Monday, September 20, 2010

Is Business Getting Soft?

Five Pieces of Weak, Confusing Patter to Ban from Your Language

President Barack Obama has been criticized of late for weak messages and language. This doesn’t surprise me: he’s a 21st-century politician in an industry (politics) that’s fast reaching its nadir.

What does surprise me – and scares me – is the growing number of business people who regularly use weak, unnecessary language or patter.

“Patter” is language that fills in the breaths between statements and questions. Patter appears to be on the upswing, probably because we have so many bits to fill – hence its extensive use in social media. But just because the bits are there, you don’t have to fill them.

Here are five pieces of patter that you should exorcise from your business language:

“Just Saying”: As opposed to what?

“IMHO”: If you feel unqualified to offer an opinion, then don’t.

• “My Two Cents”: If your opinion is really only worth two cents, then why say it? And why admit to it?

“Oh, and” (often followed by “did I mention?"): Did you really forget to mention it? If so, was it because you don’t think clearly? Or because it was an afterthought? Many people seem to use “oh, and” and “did I mention” to set off the most important item in a list. This makes no sense to me at all.

“Kind of,” when used to obscure what it refers to (“we were kind of confused”), not distinguish it (“Kate Moss is a different kind of cover girl”)

In business, “kind of” is a pox on precision. It calls into question the truth of whatever term it modifies, as well as the knowledge and seriousness of the speaker. The phrase is cropping up in many executive quotations in news stories, making me wonder if reporters’ word processors have a macro that automatically inserts it into quotes.

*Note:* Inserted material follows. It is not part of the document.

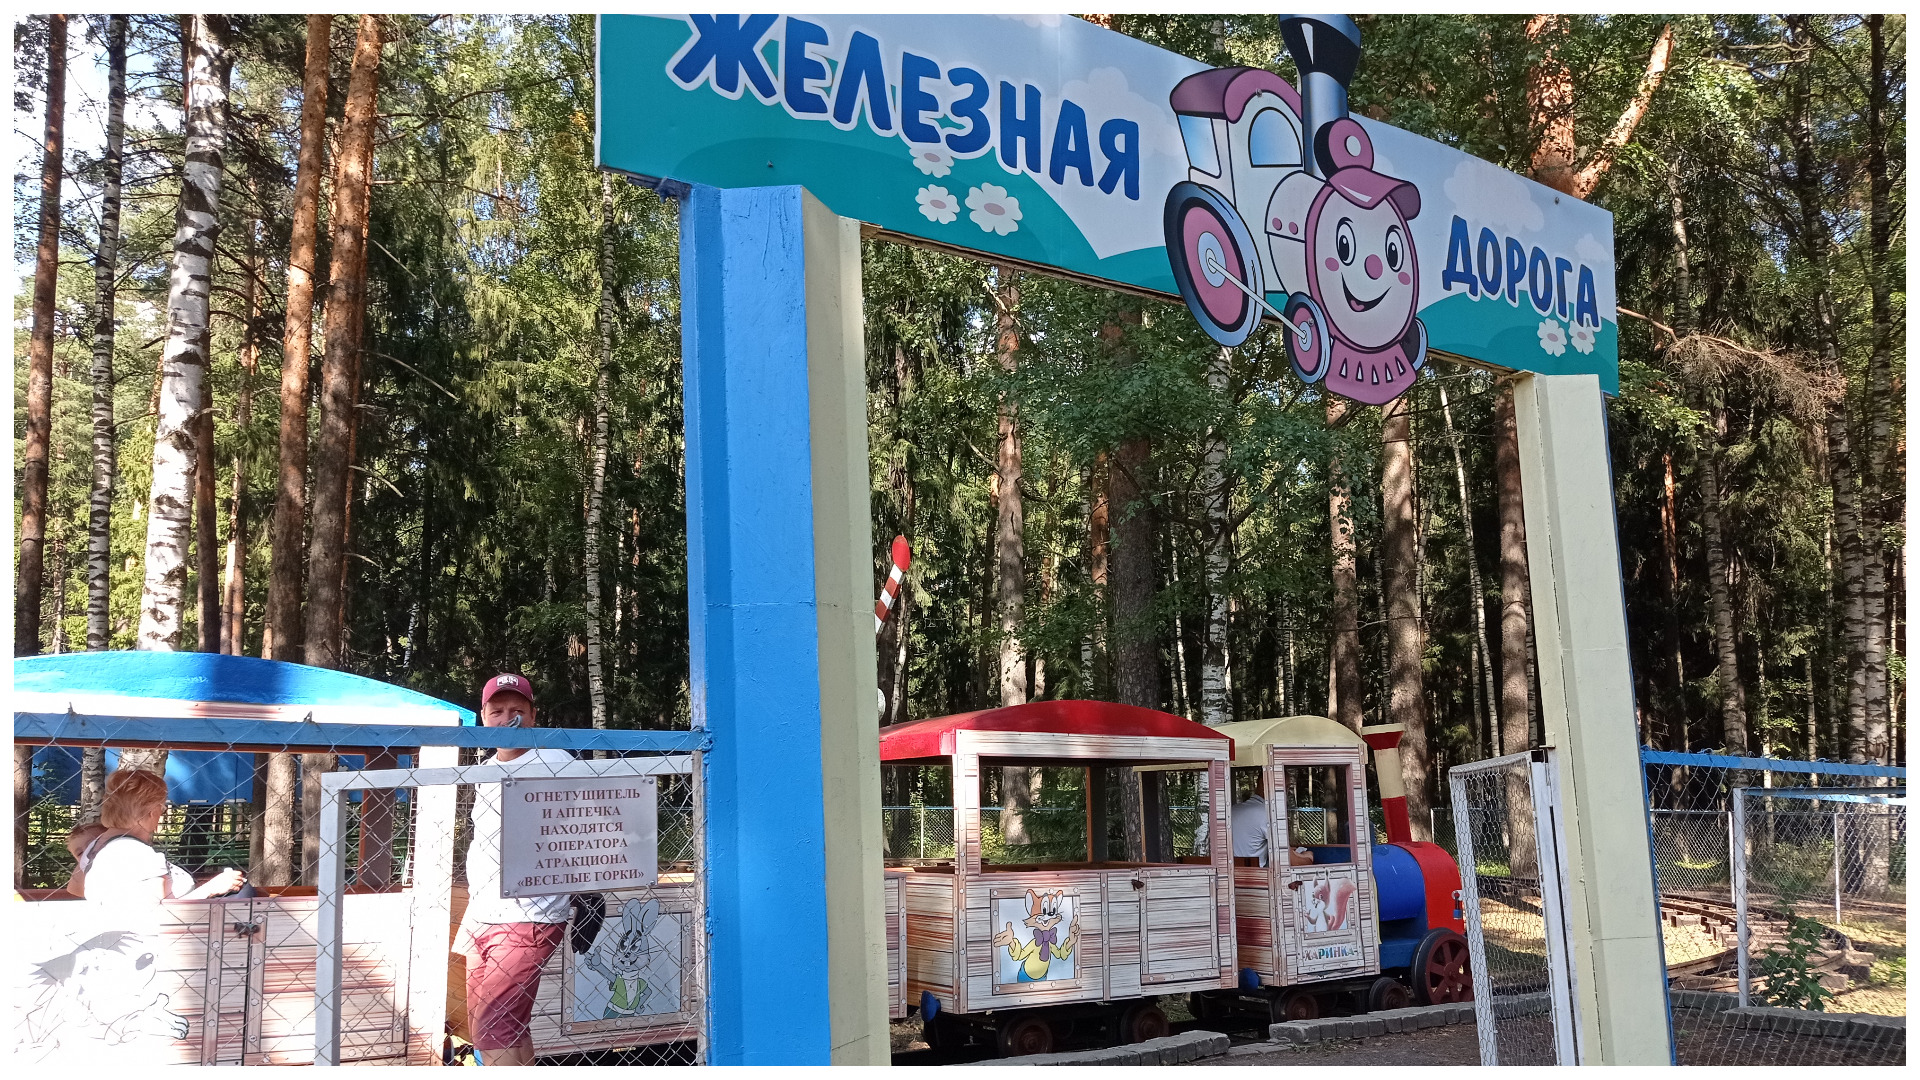 Аттракцион "Железная дорога" для детей, посетителей парка, также располагается в зоне отдыха.

“Kind of” is particularly deadly when it describes a corporate action or financials. It makes me wonder: “Doesn’t the speaker know how much, or how little?” “If he means ‘approximately’ or ‘estimated,’ why not say this, instead of using the verbal equivalent of a shrug of the shoulders?”

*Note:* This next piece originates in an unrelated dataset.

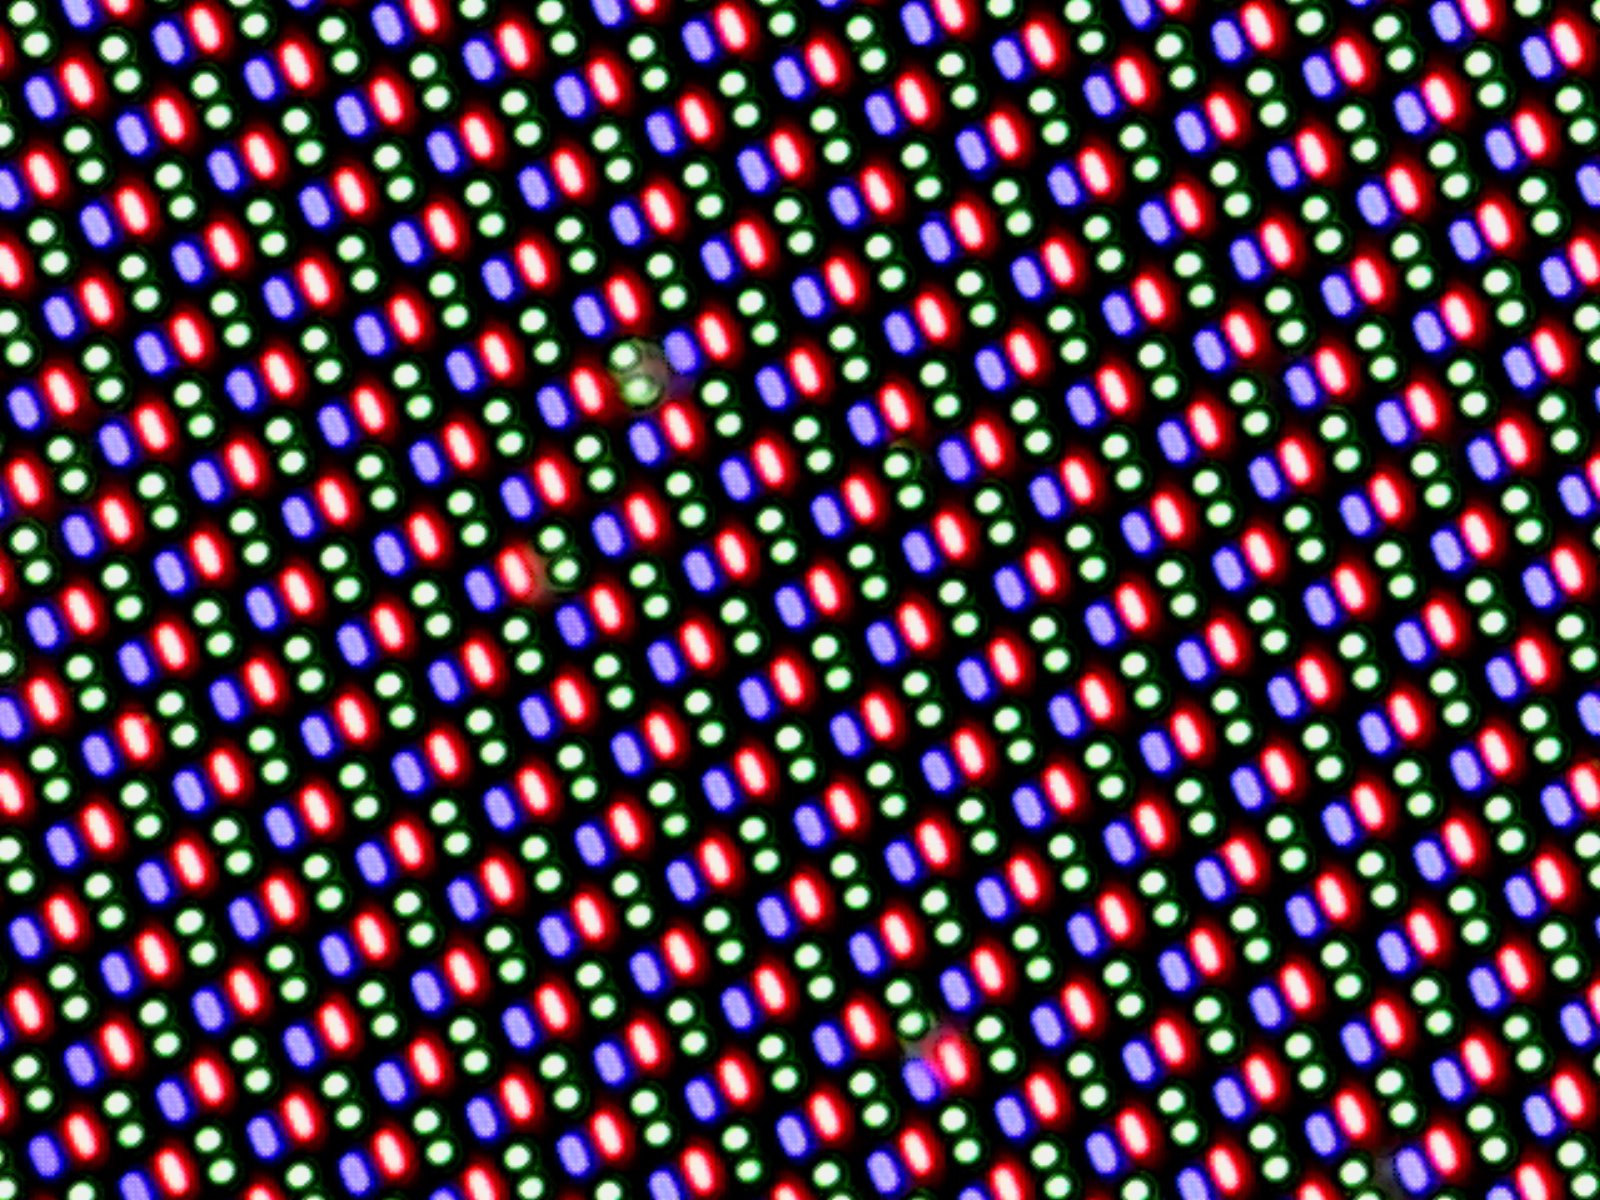 Название пикселей. Структура пикселя. Амолед матрица пиксельная сетка. Структура пикселей va. Монтажная сетка пиксели.

Here are two recent examples:

Example 1: “When [former Walmart CEO Lee] Scott was thinking about what qualities his successor should have, he saw a match with [new Walmart CEO Mike] Duke’s skills. ‘I kind of thought -- and I think the board thought - that the company could be better managed,’ says Scott, who is careful to say that it was the directors who picked Duke for the job, not him.”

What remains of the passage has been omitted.